変分原理を使わない重力場の導出についてはこの本の[A3]の論文が該当すると思います。

先取件について書かれている興味深いページを紹介いただきありがとうございました。
返信する
解析力学 (サンマヤ)
2012-03-02 07:12:33
こちらでは初めまして。
hirotaさんのコメントに近いのですが、
解析力学って、分野というより物理学の指導原理みたいな感じで、
解析力学に乗らないものは物理の資格がない、ってぐらいな認識でした。
ディラックの一般相対論の教科書にしろ、最近の須藤靖の教科書にしろ、
変分原理からも導けるということは必ず触れていると思います。
その中でも、ランダウの「場の古典論」は変分原理との関係に関する議論として最もいい教科書かも知れません。
特殊相対論レベルでは、ランダウの小教程(ちくま学芸文庫)の「力学・場の理論」もコンパクトでいいです。
ちょっと面白いところでは、ファインマンの「ファインマン講義・重力の理論」は、重力場の方程式を出す前に重力子のスピンが2になることを導いて、
それから変分原理を用いてアインシュタイン方程式に到達するという論法になっていました。
何が言いたいかというと、○○+解析力学っていう立て方自体に違和感を覚えるってことですね。
むしろ、解析力学の「方法」は物理の普遍的な方法であって、
そのうえでいろいろな理論が組み立てられる、という感じかと思います。
これは場の量子論とかにいくともっとあからさまです。
適当なラグランジアン(ローレンツ・スカラー)をもってきて、それがどういう物理を導くか計算していく、
というイメージでしょうか。
それに比べれば、一般相対論の作用は、まだ物理的な考察から関数形が設定されているだけ納得しやすい気がします。
ただ、歴史的に、どうやって「ニュートンの力学」から解析力学を含む「ニュートン力学」になったのか、
いつから解析力学がそのような指導的な地位を持つようになったのか、
ということについては、まだまだ未解明なところが多く、科学史的に面白い領域だと思います。
そういう問題関心があったので、ちょっと(だいぶ長文になってしまいましたが)コメントさせていただきました。

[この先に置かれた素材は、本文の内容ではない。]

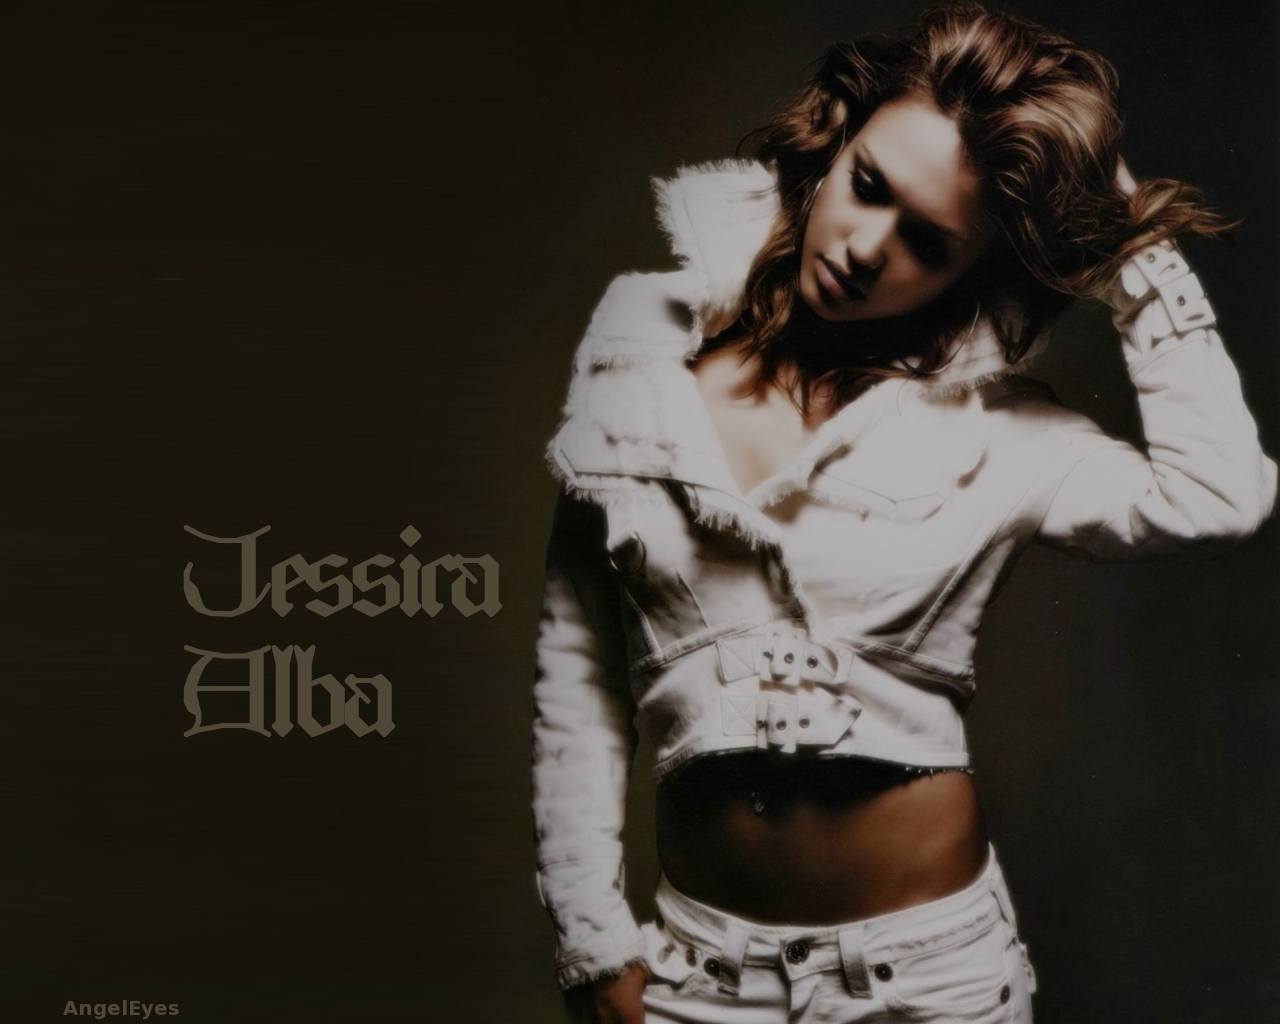 Jessica alba 151

PS.ヒルベルト・アインシュタインの先取権に関する資料は知りませんでした。面白かったです。T_NAKAさんありがとうございます。
返信する
Re: 解析力学 (とね)
2012-03-02 22:06:50
サンマヤさん

長文のコメントで教えていただき、ありがとうございました。

「○○+解析力学」という立て方を普通はしないわけでしたか。どうりで「~的解析力学」では検索にひっかかってこなかったわけですね。
「物理学の指導原理」ということですっきり理解しました。とはいってもニュートン力学の一般化から生まれたこの指導原理が物理学のあらゆる分野(側面)であてはまることには不思議さを感じます。

「ファインマン講義・重力の理論」は持っていますので後で見てみます。